Sur le site de IBM, qui est l’un des deux leaders dans ce domaine (avec Cisco), nous pouvons lire l’assertion suivante : « Infrastructures. Operations. People. What makes a city ? The answer is of course all three.6 » Si l’utilisation par le géant informatique de ces trois termes est légitime, il est moins évident d’accepter qu’une ville soit réductible à cette seule trinité. Qu’en est-il des liens sociaux ou de la citoyenneté dans cette définition ? Et les conflits, la complexité systémique, la part du hasard, l’hétérogénéité, les corps désirants ? Tout élément ayant trait à la vie ou à la démocratie semble avoir été écarté, aseptisé devrait-on dire, pour s’en tenir à des éléments pouvant être communs à la ville et à l’image que se font les entreprises d’elles-mêmes. En effet, ces dernières aimeraient n’être faites que d’opérations et d’infrastructures à même d’accueillir les gens de manière docile.

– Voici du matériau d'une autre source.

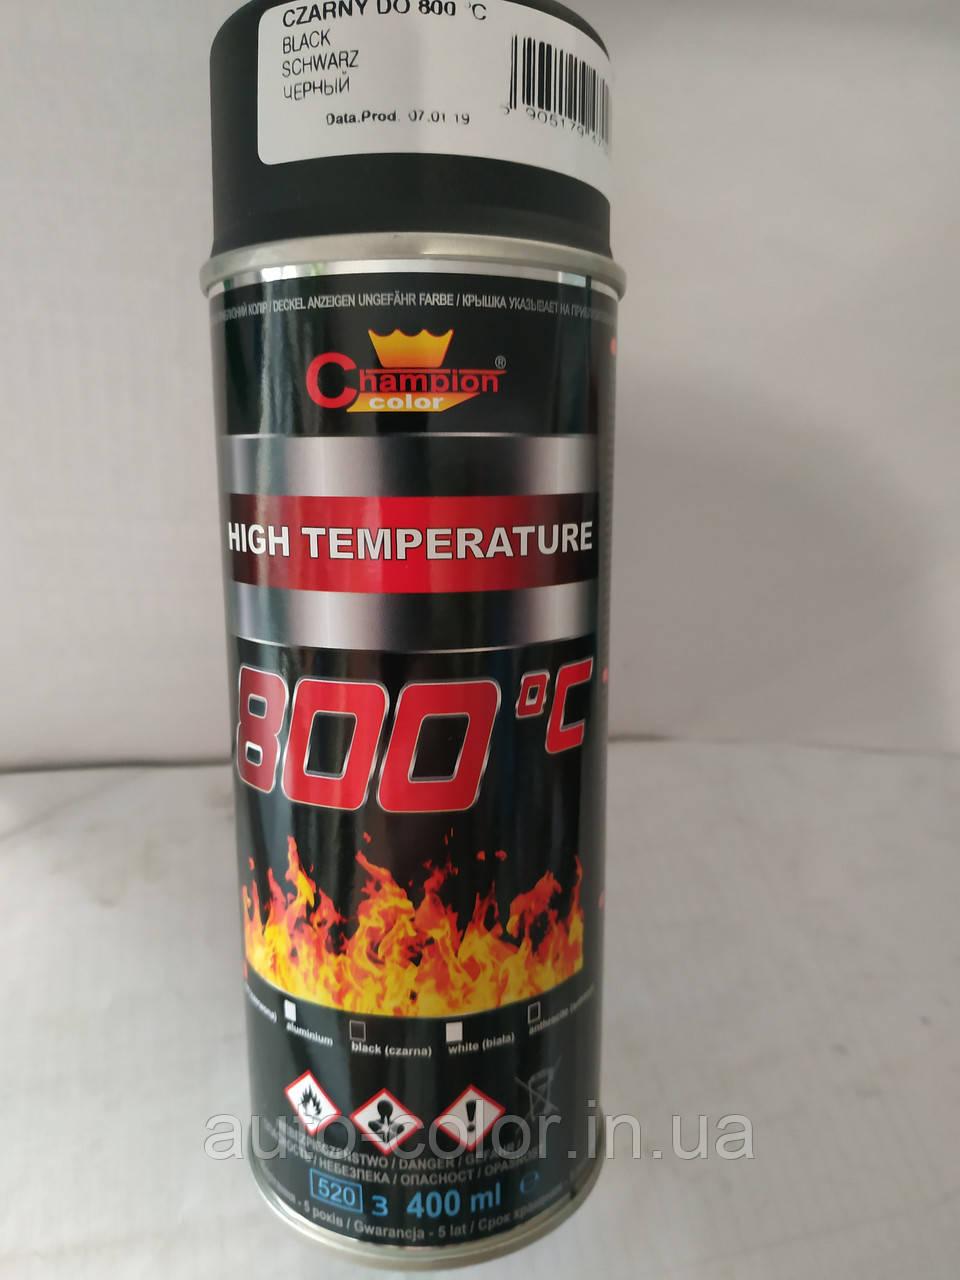 Аэрозоль краска жаростойкая CHAMPION 800 *С черная 400 мл

Dans un monde où prévaut l’économisme, il convient d’appeler les gens des gens plutôt que des citoyens ou des employés. Google, tout comme Facebook après elle, ouvre entre-temps la voie en inventant des manières de faire apparaître le travail comme un jeu d’enfant continu, dur mais agréable. Elles montrent comment il faut s’y prendre pour qu’une entreprise ressemble à une aire de récréation permanente où on ne fait que travailler, sans protestation – car de quoi peuvent bien se plaindre les enfants gâtés ?

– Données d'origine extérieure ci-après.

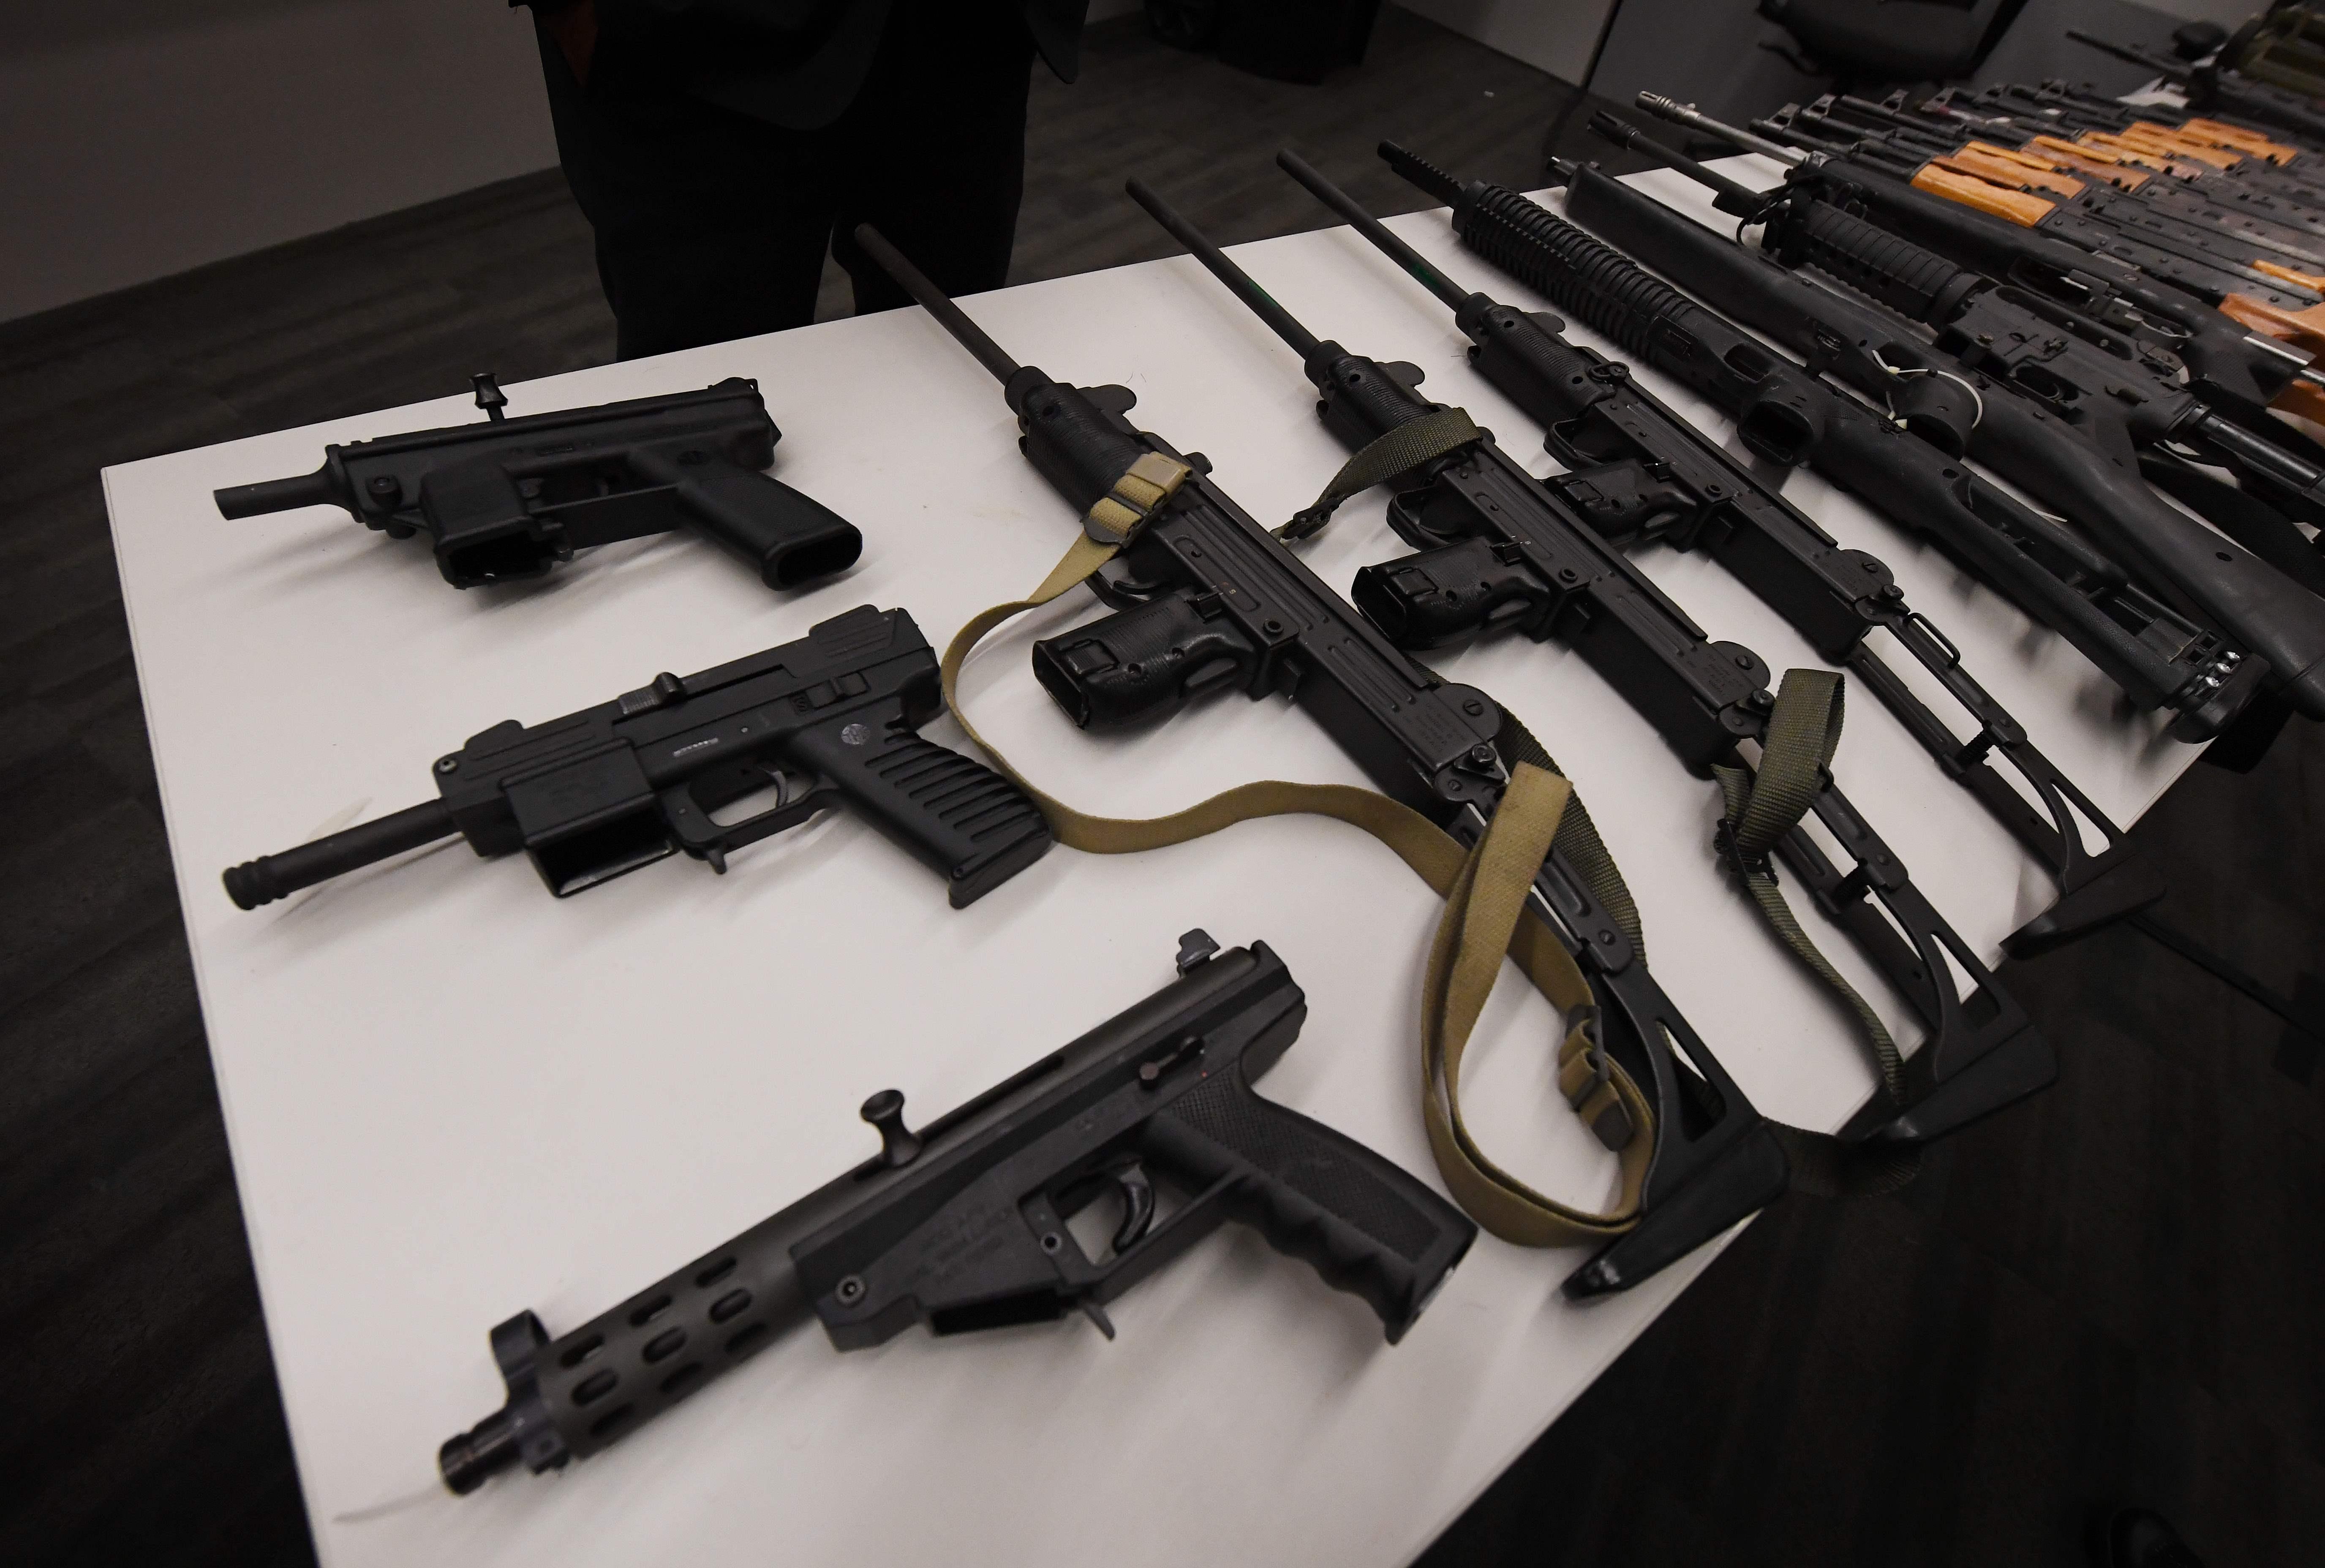 شرطة لوس أنجلوس تشترى الأسلحة من المواطنين

De manière beaucoup moins « avant-gardiste », les « smarter cities » de IBM ou les « cities of the future » de Cisco visent à faire coïncider le modèle de la ville avec l’entreprise modèle. Sous couvert de dernier cri technologique, ce sont souvent des principes anachroniques qui sont à l’œuvre. Cela est bien sûr encore plus vrai dans les villes nouvelles, que ce soit Living PlanIT près de Porto au Portugal ou Masdar City dans le désert d’Abu Dhabi. Aucune place n’est laissée au hasard, à la sérendipité. Tout est à sa place, surtout les habitants. Au moins sur le papier, leurs trajectoires répétitives et confortables sont tracées à l’avance : de la résidence au lieu de travail et de là au shopping center. La dérive est exclue de la planification. Dans ces environnements artificiels, le détour est perçu uniquement comme une perte de temps à éviter grâce à une gestion strictement utilitariste de l’espace. Stan Gale, le PDG de Gale international7, l’entreprise principale qui supervise la construction de Songdo International Business District (IBD), pense fièrement que « la smart city changera la vie des gens en dissipant l’angoisse habituellement associée à des questions telles que ‹ où dois-je être à telle heure ›, ‹ quel est le lieu du meeting ›, etc. Car c’est simple, à Songdo IBD on est constamment là où on doit être ». Gale fait bien sûr référence ici au système omniprésent de « Téléprésence » intégré dans la ville. Ce dernier est d’ailleurs souvent promu comme une solution plausible à la réduction du trafic et à la diminution de l’émission des carburants. Etrange hygiène que l’abolition de l’espace public. 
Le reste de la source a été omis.